Two-stream with 3D CNNs
Most recent works on human action recognition [4,22] are based on two-stream methods with 3D CNNs. The network architectures of these methods also include two streams, i.e., spatial stream and temporal stream. However, these works choose 3D convolutions as building blocks. Andrew Zisserman et al. [2] presented a Two-Stream Inflated 3D ConvNet (I3D), which uses 3D Inception-V1 as building block and considerably improve the state-of-the-art in action recognition in videos. Zhaofan et al. [31] proposed a Pseudo-3D Residual Net (P3D ResNet), which exploits various bottleneck structures to make the network deeper and have fewer parameters, and the method achieves superior performances over several state-of-the-art techniques. In this paper, we presented a novel two-stream architecture with 3D CNNs, which combines 2D convolution and 3D convolution to learn spatio-temporal features, our proposed network model has less trainable parameters and reduce the computational cost largely.
TDN and beyond
At present, researchers are also actively exploring other types of networks to extract video temporal and spatial information. Liu et al. [28] designed the architecture of TANet to learn the complex temporal dynamics of video data in an adaptive way by introducing a temporal adaptive module with video specific kernels. The kernel parameters are divided into position-sensitive adaptive weights and position-independent adaptive convolution kernel to make the network capture the motion more accurately. Wang et al. [42] proposed the TDN (Temporal Difference Networks) model in which a short-term network and a long-term network are designed to capture local and global dynamic information of actions. This design further improves the accuracy of the model. Islam et al. [19] devised a novel SNSP descriptor to obtain complex spatial information among all skeletal joints by using the prominent joint. Ronghao et al. [32] constructed a spatial module which uses the residual GCN network with the channel attention block to extract the high-level spatial features, and a temporal module which uses the multi-scale neural network to extract the temporal features at different scales. Vishwakarma and Dhiman proposed a new hybrid technique for the description of human action and activity in video sequences, which integrates both global and local details of the action [40]. In the works [6,7], some feature descriptors were presented to detect the abnormal actions.

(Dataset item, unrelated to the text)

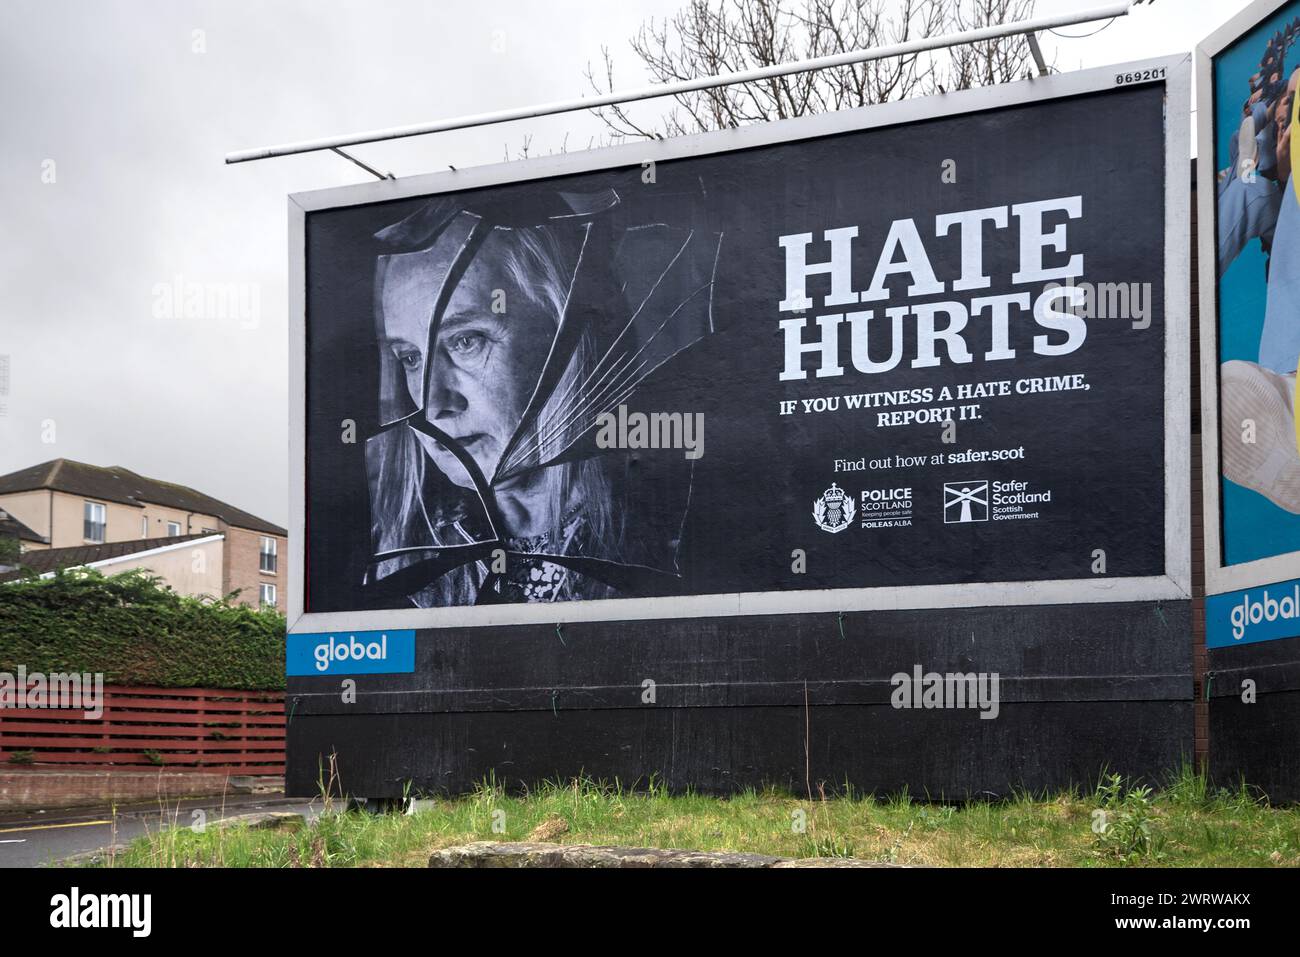 Hate Hurts Billboard, Kampagne von Police Scotland und Safer Scotland Scottish Government, um das öffentliche Bewusstsein für die Auswirkungen von Hassverbrechen zu schärfen. Stockfoto

Essentially, action recognition descriptors or spatio-temporal modules are also designed to capture spatiotemporal features, which can be used to human action classification [20,37].
Proposed model
The two-stream architecture is one of the most popular and powerful methods for human action recognition in videos. In this paper, we presented a novel heterogeneous two-stream network for human action recognition in videos, as shown in Fig. 1.

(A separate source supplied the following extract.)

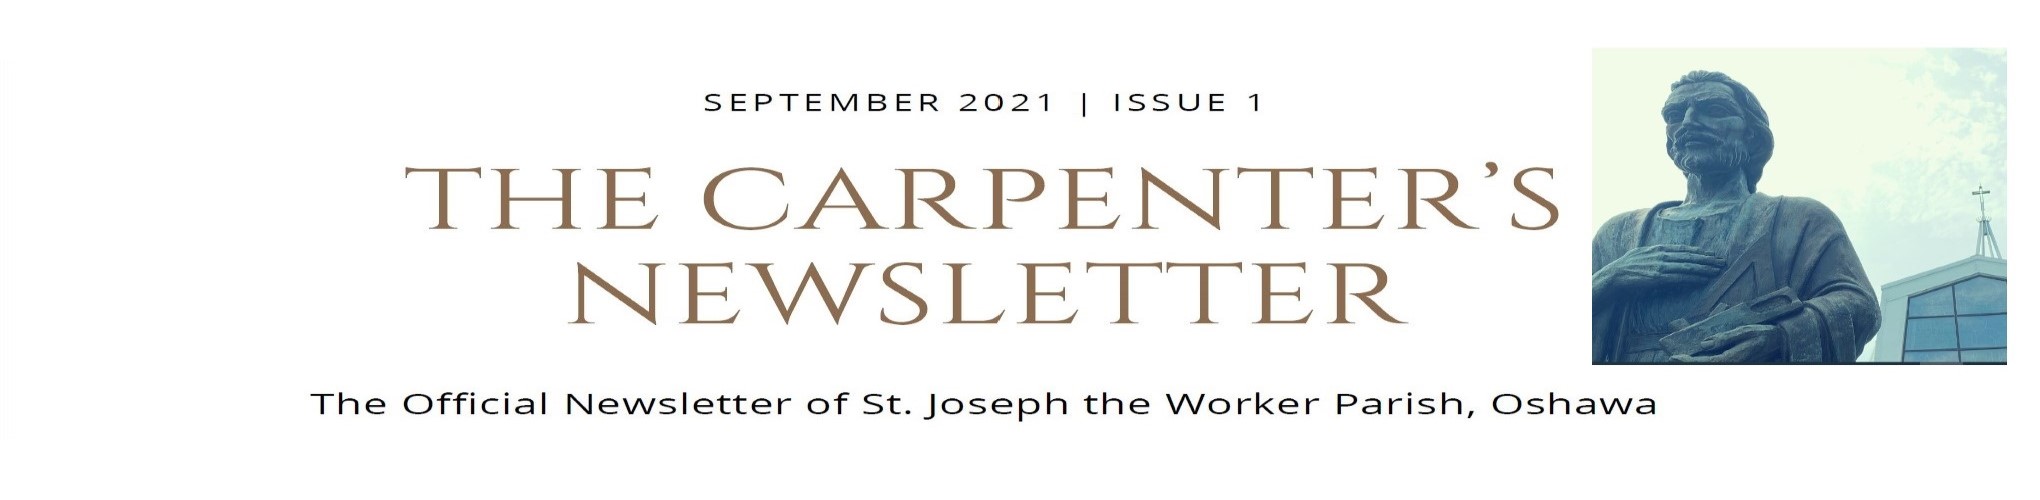 The Carpenter's Newsletter banner.jpg

Heterogeneous two-stream architecture for human action recognition in videos.
Our proposed heterogeneous two-stream network consists of two components, i.e., the spatial part and the temporal part. Each video is divided into N segments with equal size, RGB and optical flow images are randomly sampled from those segments for both streams, all inputs follow the weight sharing principle. We apply a global average pooling in each stream to fuse frames sampled from segments to get video-level prediction, the finally prediction is produced by fusing two streams with adaptive weighted average strategy.
Our network architecture is similar to Two-Stream ConvNets [33], RGB frames and TV-L1 optical flow [3] were fed into the spatial stream network and the temporal stream network, respectively. However, we have two completely different components. For the spatial stream, we devise the MCN to learn more spatial-temporal features, which combines 2D CNNs and 3D CNNs. Compared to 2D CNNs, 3D CNNs can capture spatio-temporal information. However, 3D CNNs have more parameters and increase model complexity and training overhead. The MCN obtained better results by the fusion of 2D CNNs and 3D CNNs.
For the temporal stream, the inputs are optical flows which include motion information, we just use the 2D CNNs to capture the motion features to decrease the computational cost. The spatial and temporal streams were trained separately and the prediction results were obtained by taking a weighted average of spatial and temporal streams.
Spatial stream
The MCN was designed for spatial stream to process the RGB frames, which consists of a 2DConvNet and a 3DConvNet as shown in Fig. 2. We choose the BN-Inception [43] architecture as our 2DConvNet which has a good balance between accuracy and efficient. The ResNet introduces shortcut connections which simply perform identity mapping and the outputs of a layer are added to the outputs of stacked layers, the degradation problem is well addressed in this setting [14]. We therefore adopt 3D ResNet architecture as our 3DConvNet. The architectures of the 2DConvNet and 3DConvNet presented in this paper are shown in Fig. 3 and Fig. 4.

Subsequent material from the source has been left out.